The clothes lent the models an air of reliability and stability. The collection did not regress to some retro "Mad Men" vision of men as hunters, protectors and sauced womanizers, but it called to mind a man who looks in control -- of nature, the office, the home. In uncertain times, it can be jolting to see guys walking around like dandies, dolled up with feathers and other frippery. And now is not the time for bullies either. What is called for is reassurance.
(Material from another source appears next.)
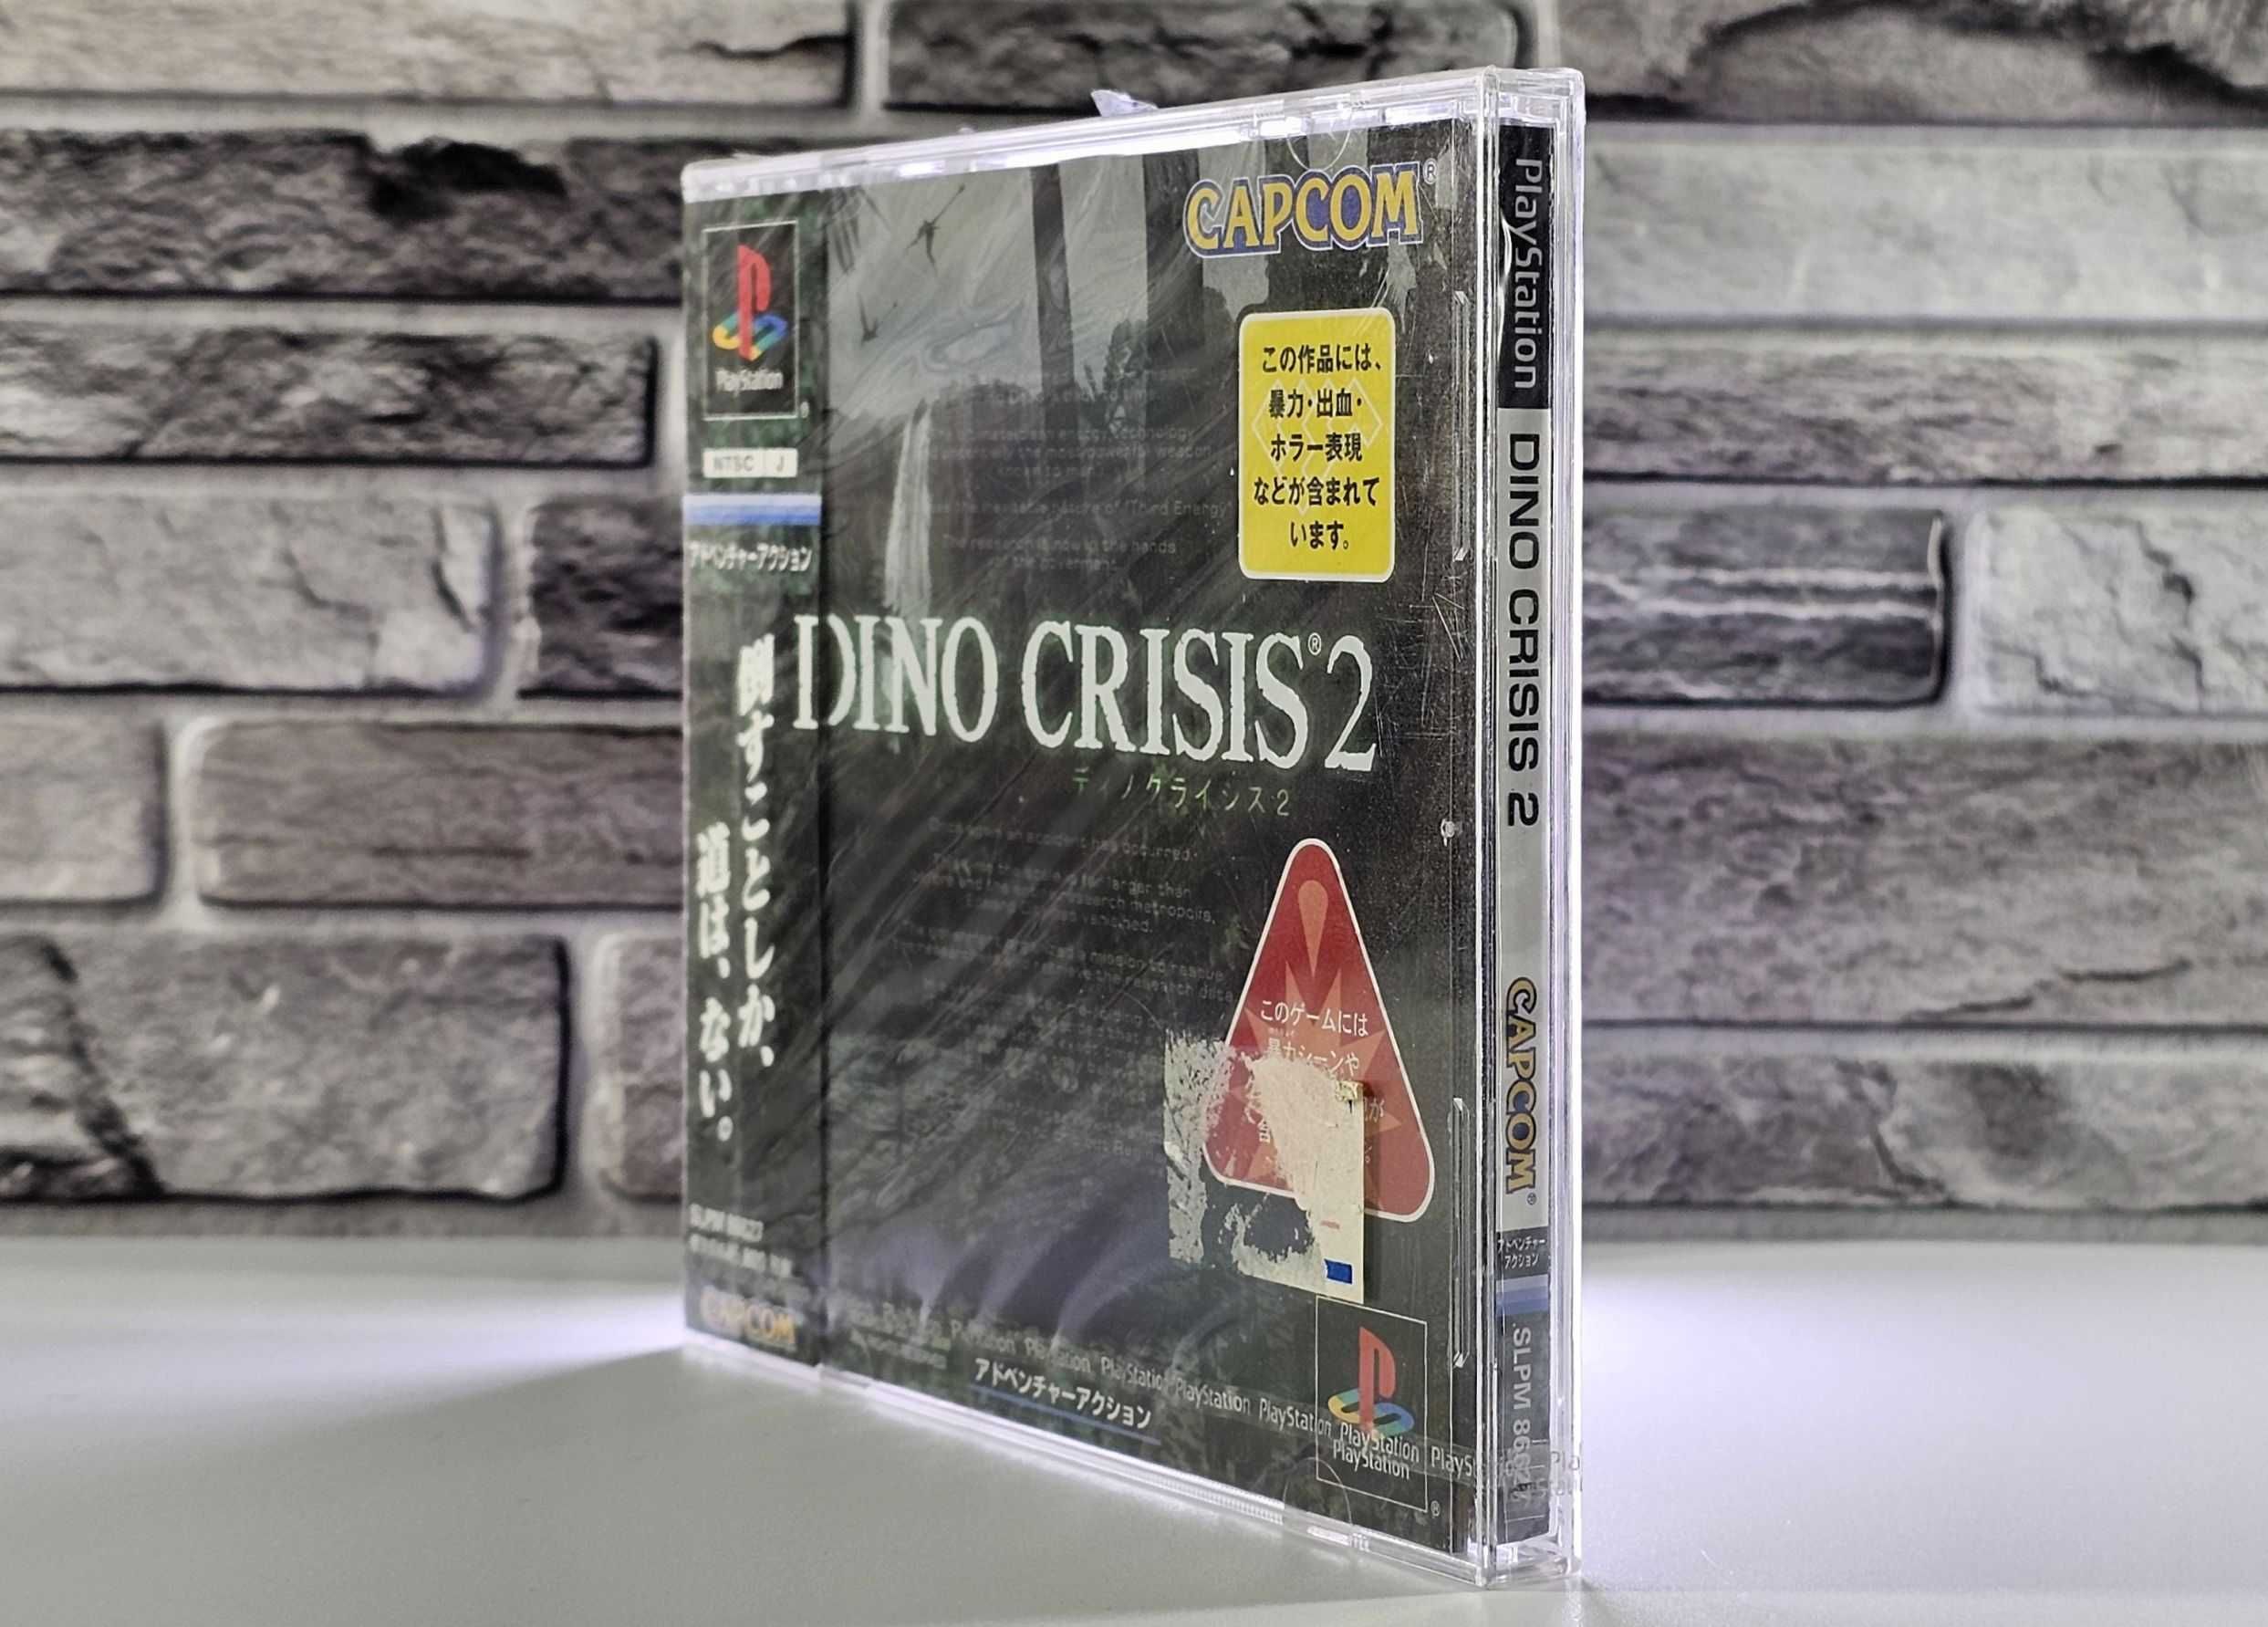 Playstation fabrycznie NOWY Dino Crisis 2

That can come in a multitude of ways. It could be the old-time charm of plaid overcoats and cashmere, cable-knit grandpa cardigans from Loden Dager, a design collective. The simplicity of Loden Dager designs, which were presented Saturday night, make them utterly familiar but with just enough tweaking to convince customers that no, they really don't have a pair of cotton pants just like that.

Sometimes it's nice to see a man in a youthful windbreaker, a fleece-lined bomber jacket or a softly tailored blazer that makes him look amiable and non-threatening. That's how designer Patrik Ervell, who presented his collection Saturday afternoon, sees men dressed this fall. But his vision would be even more reassuring if his models weren't so thin and frail that they left many in the audience wondering if these young men had been lured from an overcrowded job fair with the promise of a few hours of work and a crust of bread in payment. Are there men out there who want the physique of an emaciated 12-year-old? Heaven help them. And wasn't it, in part, the fact that so many men were acting like greedy and selfish preteens who'd gotten hold of their parents' credit cards that got the country into this financial mess in the first place? Surely the age of the boy-man has come to an end.

The time is right for a man in Calvin Klein's "gotham reflective two-button suit." He is more fulfilled than his 1950s counterpart who was dressed in gray flannel. The clothes that Calvin Klein designer Italo Zucchelli put on the runway Sunday afternoon gave the models a sleek, authoritative appearance. They looked unencumbered, virtually aerodynamic in their monochromatic attire. The colors were drawn from the hues of the city. It was an uncompromisingly urban collection. These clothes were proudly, exuberantly about business, about making money and taking control.

The suits did not evoke images of masters of the universe or fat cats. To describe any man in those terms today would be an insult. Zucchelli's lean and spare silhouettes evoked youthful vigor without disconcerting immaturity. The unadorned clothes were serious without being depressing. And his use of novel fabric technology, in which some jackets glimmered like a moonlit sky and others looked to be molded out of foam, spoke of innovation and daring.

Zucchelli made the subtle and optimistic case that, at the very least, the uniform of capitalism -- of bankers, Wall Streeters and corporate titans -- still has a future.